From the line containing "Size: 17 (US 6.75)" through the last line of the records, print every line exactly and nothing more.
###
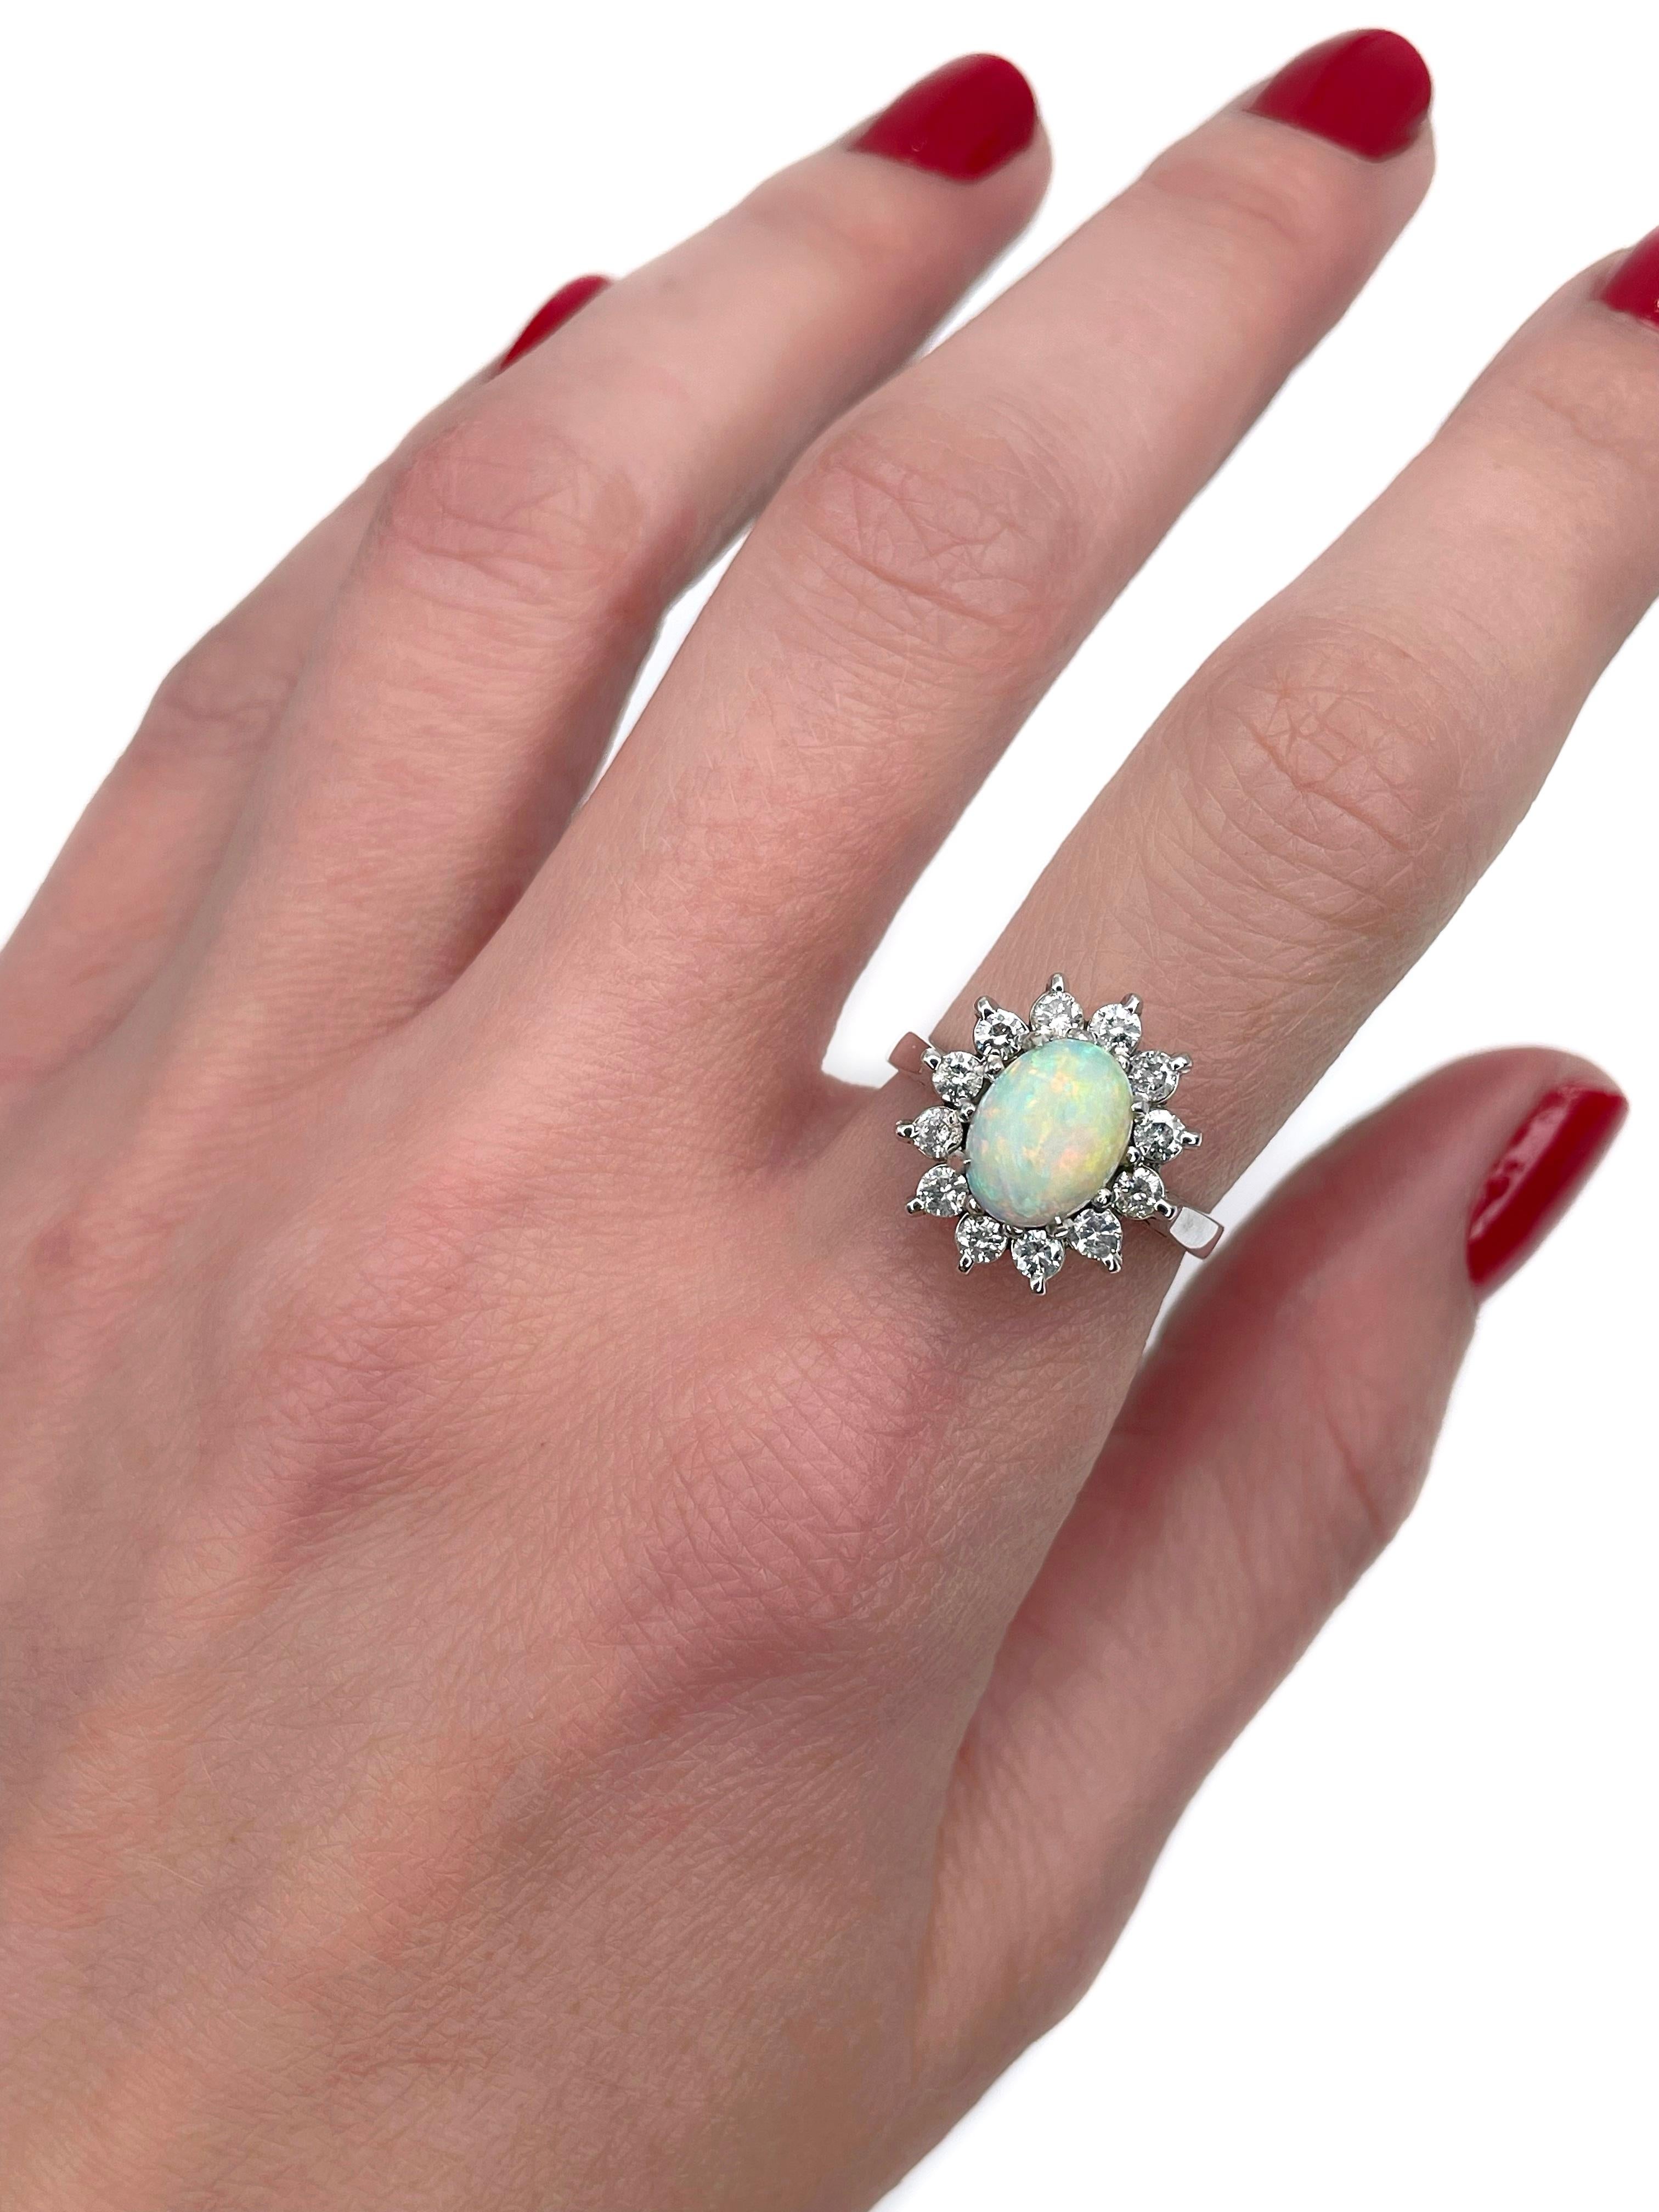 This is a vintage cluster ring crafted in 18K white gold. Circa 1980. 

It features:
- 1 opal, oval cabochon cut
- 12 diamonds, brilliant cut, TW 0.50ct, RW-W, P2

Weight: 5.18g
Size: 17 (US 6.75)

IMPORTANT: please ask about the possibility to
###
Reply to the exercise
Size: 17 (US 6.75)

IMPORTANT: please ask about the possibility to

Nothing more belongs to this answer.